__Your assignment__
For the entries below, the expected answer is the line with "Ottolinger x Tomorrow", the line with "Second Life BDSM Furniture", and every line between them, exactly as written, and nothing more.

__Dataset extract__
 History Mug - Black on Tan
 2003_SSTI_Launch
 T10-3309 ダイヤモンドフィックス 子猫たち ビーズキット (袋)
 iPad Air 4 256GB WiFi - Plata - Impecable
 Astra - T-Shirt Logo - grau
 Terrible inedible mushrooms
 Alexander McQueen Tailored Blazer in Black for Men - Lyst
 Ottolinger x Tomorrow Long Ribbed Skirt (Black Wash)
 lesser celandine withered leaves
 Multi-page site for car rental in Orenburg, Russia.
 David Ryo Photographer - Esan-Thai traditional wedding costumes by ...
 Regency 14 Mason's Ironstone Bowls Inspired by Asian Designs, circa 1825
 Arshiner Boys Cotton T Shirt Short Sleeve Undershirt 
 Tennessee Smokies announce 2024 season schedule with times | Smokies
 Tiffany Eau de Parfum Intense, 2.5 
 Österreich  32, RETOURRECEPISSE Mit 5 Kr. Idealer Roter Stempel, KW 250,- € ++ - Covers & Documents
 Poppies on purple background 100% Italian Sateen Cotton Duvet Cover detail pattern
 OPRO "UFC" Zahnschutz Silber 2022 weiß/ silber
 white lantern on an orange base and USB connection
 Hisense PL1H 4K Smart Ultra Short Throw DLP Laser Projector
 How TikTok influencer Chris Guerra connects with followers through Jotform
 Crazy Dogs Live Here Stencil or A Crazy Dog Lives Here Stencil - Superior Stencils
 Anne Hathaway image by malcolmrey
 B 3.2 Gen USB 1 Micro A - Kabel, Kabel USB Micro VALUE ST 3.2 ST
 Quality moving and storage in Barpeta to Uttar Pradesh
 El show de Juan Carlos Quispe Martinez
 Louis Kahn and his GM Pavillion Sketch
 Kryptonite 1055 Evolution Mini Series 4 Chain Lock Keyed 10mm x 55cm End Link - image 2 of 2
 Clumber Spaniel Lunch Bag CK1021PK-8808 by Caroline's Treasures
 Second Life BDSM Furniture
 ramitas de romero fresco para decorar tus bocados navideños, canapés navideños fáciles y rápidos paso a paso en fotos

__Task answer__
 Ottolinger x Tomorrow Long Ribbed Skirt (Black Wash)
 lesser celandine withered leaves
 Multi-page site for car rental in Orenburg, Russia.
 David Ryo Photographer - Esan-Thai traditional wedding costumes by ...
 Regency 14 Mason's Ironstone Bowls Inspired by Asian Designs, circa 1825
 Arshiner Boys Cotton T Shirt Short Sleeve Undershirt 
 Tennessee Smokies announce 2024 season schedule with times | Smokies
 Tiffany Eau de Parfum Intense, 2.5 
 Österreich  32, RETOURRECEPISSE Mit 5 Kr. Idealer Roter Stempel, KW 250,- € ++ - Covers & Documents
 Poppies on purple background 100% Italian Sateen Cotton Duvet Cover detail pattern
 OPRO "UFC" Zahnschutz Silber 2022 weiß/ silber
 white lantern on an orange base and USB connection
 Hisense PL1H 4K Smart Ultra Short Throw DLP Laser Projector
 How TikTok influencer Chris Guerra connects with followers through Jotform
 Crazy Dogs Live Here Stencil or A Crazy Dog Lives Here Stencil - Superior Stencils
 Anne Hathaway image by malcolmrey
 B 3.2 Gen USB 1 Micro A - Kabel, Kabel USB Micro VALUE ST 3.2 ST
 Quality moving and storage in Barpeta to Uttar Pradesh
 El show de Juan Carlos Quispe Martinez
 Louis Kahn and his GM Pavillion Sketch
 Kryptonite 1055 Evolution Mini Series 4 Chain Lock Keyed 10mm x 55cm End Link - image 2 of 2
 Clumber Spaniel Lunch Bag CK1021PK-8808 by Caroline's Treasures
 Second Life BDSM Furniture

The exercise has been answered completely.